Risk-Averse Model Uncertainty for Distributionally Robust Safe Reinforcement Learning
This work addresses safety in reinforcement learning for real-world applications, offering an efficient, model-free approach without minimax optimization, though it appears incremental as it builds on existing distributionally robust methods.
The authors tackled safe decision-making in uncertain environments by introducing a deep reinforcement learning framework that uses coherent distortion risk measures to handle model uncertainty, achieving robust performance and safety across perturbed test environments in continuous control tasks.

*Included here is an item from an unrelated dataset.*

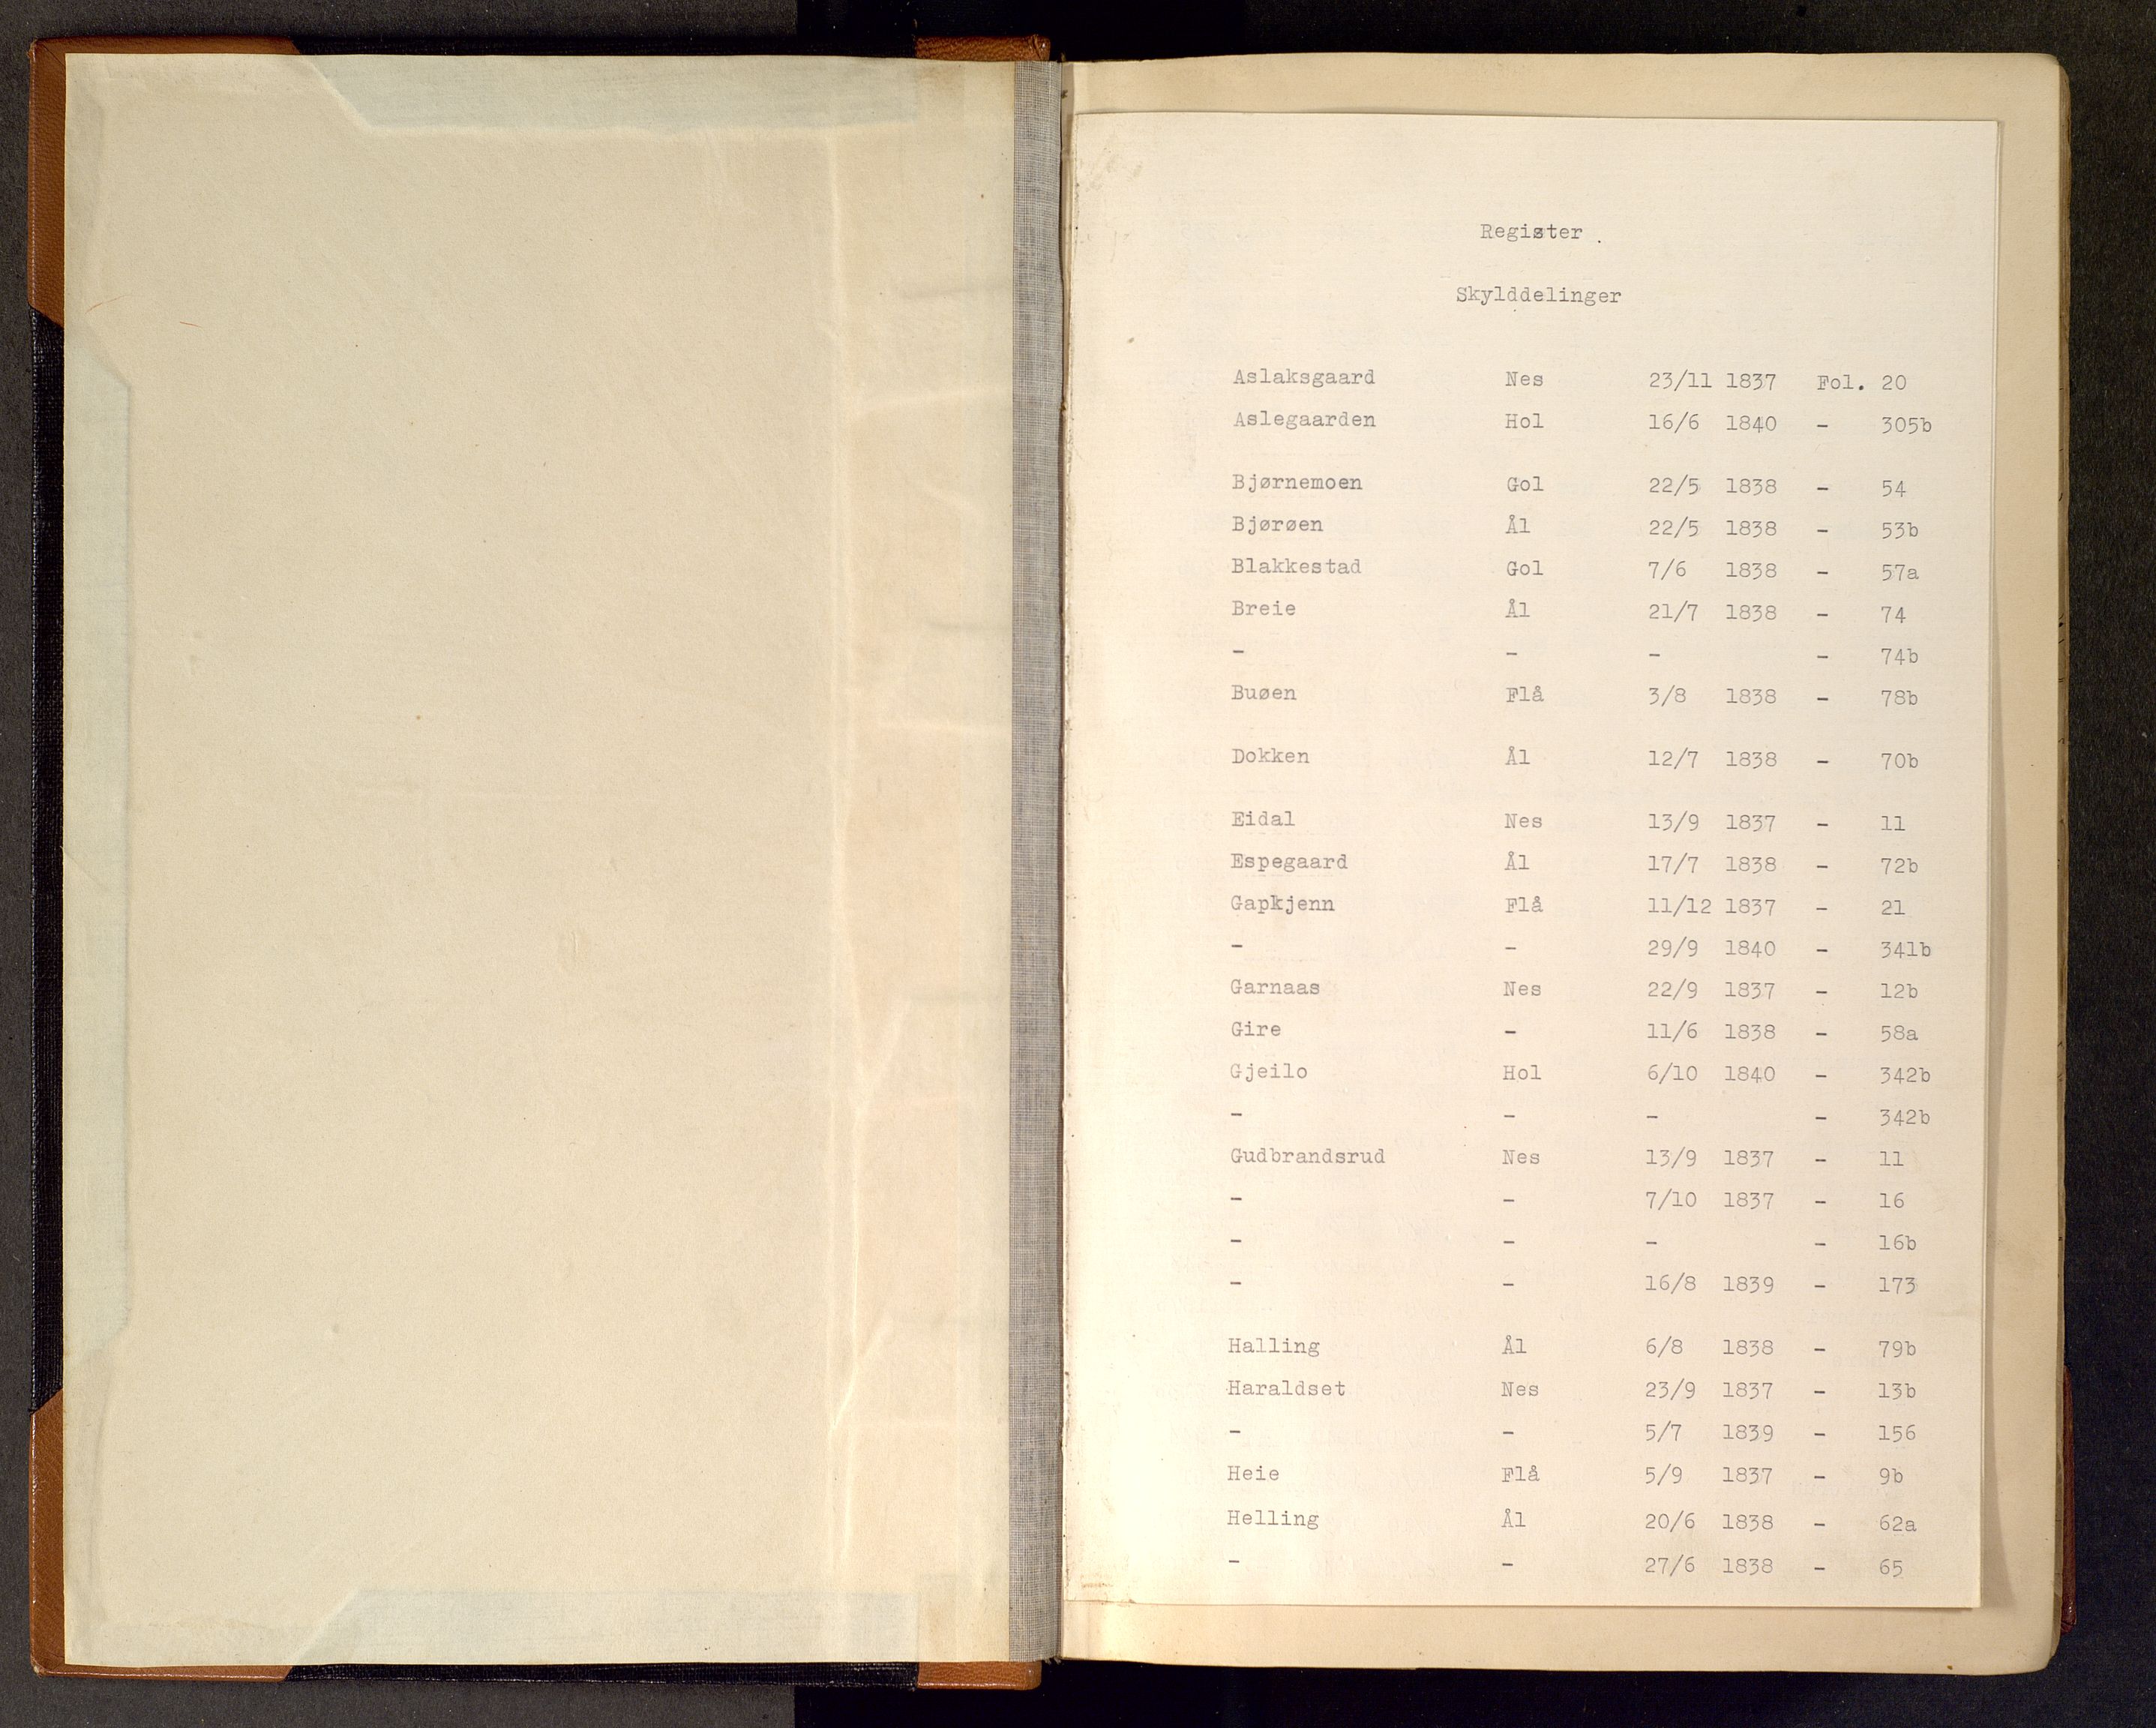 Hallingdal sorenskriveri, SAKO/A-121/F/Fc/L0003: Ekstrarettsprotokoll, 1837-1841

Many real-world domains require safe decision making in uncertain environments. In this work, we introduce a deep reinforcement learning framework for approaching this important problem. We consider a distribution over transition models, and apply a risk-averse perspective towards model uncertainty through the use of coherent distortion risk measures. We provide robustness guarantees for this framework by showing it is equivalent to a specific class of distributionally robust safe reinforcement learning problems. Unlike existing approaches to robustness in deep reinforcement learning, however, our formulation does not involve minimax optimization. This leads to an efficient, model-free implementation of our approach that only requires standard data collection from a single training environment. In experiments on continuous control tasks with safety constraints, we demonstrate that our framework produces robust performance and safety at deployment time across a range of perturbed test environments.